As expected, Antrim’s successful motion to reward the Christy Ring Cup winners with a Leinster SHC quarter-final spot from next year will not see the light of day.
Instead, it will be recommended that from 2017 the second-tier competition champions will be rewarded with a place in the first round of the All-Ireland qualifiers.
A series of anomalies about Antrim’s proposal, backed by over 80% of delegates at Congress in February, indicated it would not come to pass.
The decision was made at a Central Council meeting on Saturday after they had previously instructed the Central Competitions Control Committee to meet with the Leinster Council and Antrim to discuss the practicalities of the Christy Ring Cup winners leapfrogging the Leinster qualifying group.

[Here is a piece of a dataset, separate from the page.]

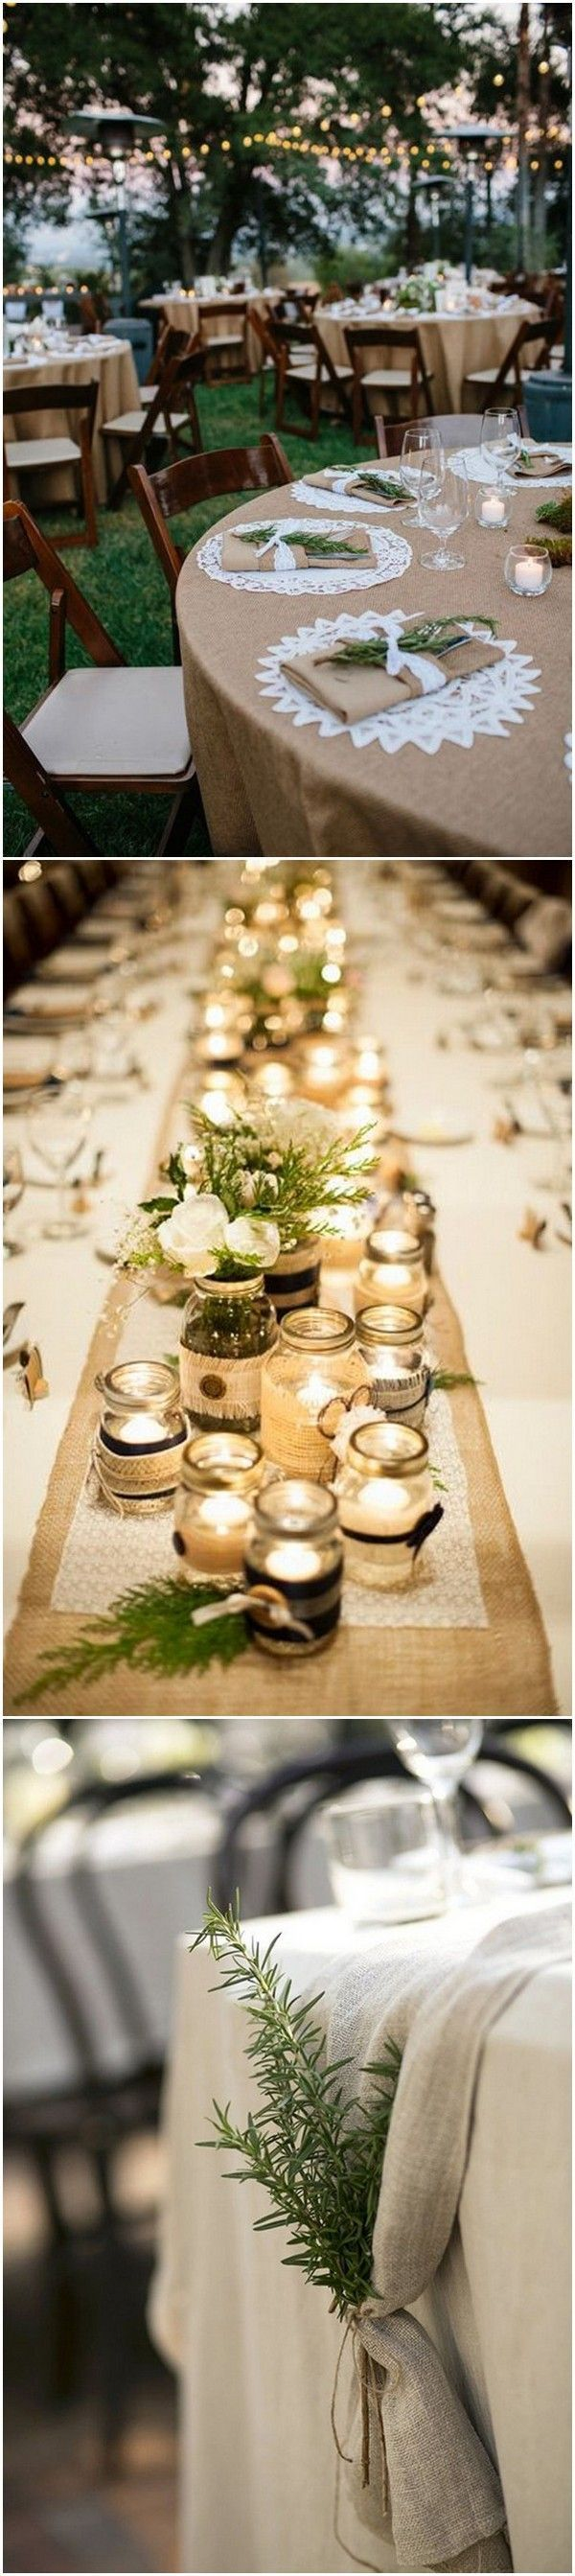 25 Best Ideas About Burlap Wedding Arch On Pinterest
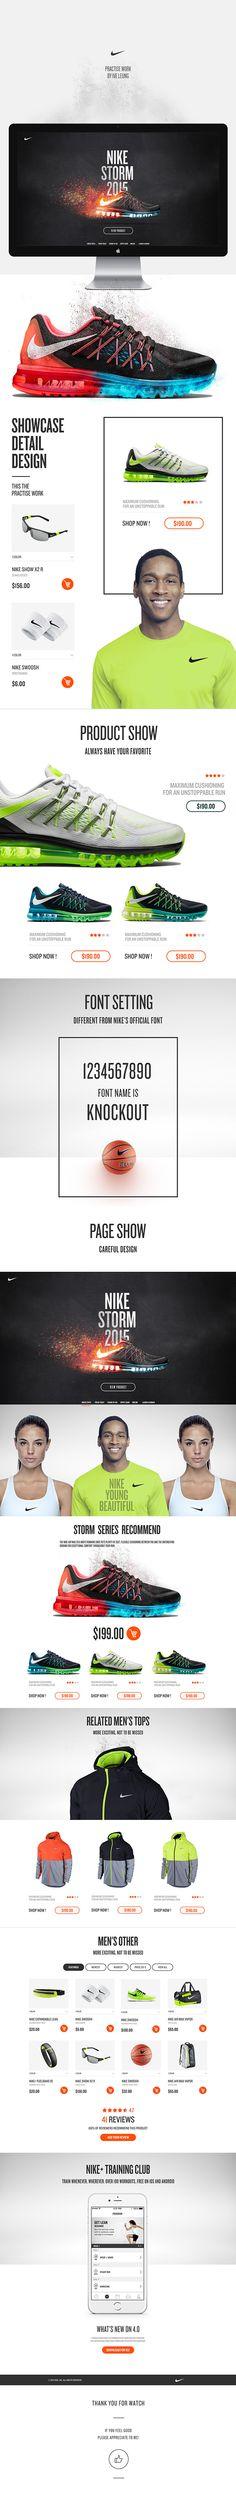 https://www.behance.net/gallery/23554239/Nike-practise-work

A statement from the GAA yesterday read: “There was acceptance at the meeting that Antrim’s goal (of ensuring the Ring Cup winners could be included in the MacCarthy Cup in the same year as their winning of the competition) could be most effectively achieved by providing access directly to the first round of the Liam MacCarthy qualifiers, rather than into the Leinster quarter-finals as well.
“Central Council endorsed that view and agreed on Saturday to defer the implementation of the motion passed at Congress to allow for a new motion sponsored by Central Council to be brought to Congress in February 2017.
“This new motion will ask that the Christy Ring Cup winners (from Championship 2017 onwards) be included in a preliminary round game in the All-Ireland qualifiers, where they would be drawn against one of the losers of the three Leinster quarter-finals.
"Provision will be made for such a preliminary round qualifier when the 2017 Master Fixtures schedule is being prepared.”
Central Council also agreed to London’s request to stage all their football and hurling league games away from home next year as redevelopment work takes place at Ruislip. In return, all their matches in the 2018 competition will be staged at home.
It was confirmed there will be special football and hurling U17 championships next year “to accommodate players who are currently playing at U16 level (2016) and who would be over-age for the new minor (U17) competitions in 2018”.
The competitions will be organised on a provincial basis with the winner in each going through to All-Ireland semi-finals. The finals in both codes will take place in August.
Meanwhile, the mark, which comes in from next year, will be experimented with in third-level competitions this year. The new rule will be in operation in Division 1 of the Comhairle Ardoideachais Football Leagues commencing in October 2016 where national panel referees will take charge of games.
It was also decided on Saturday that scoreboard clocks be allowed to run until referees blow the end of time in the first and second half.
“Most venues allow the clock to run until the referee sounds the half-time or full-time whistle, while some stop the clock when the 35-minute or 70-minute mark has been reached.
"It was agreed that, in future, the clock will run until the referee blows the half-time or full-time whistle.”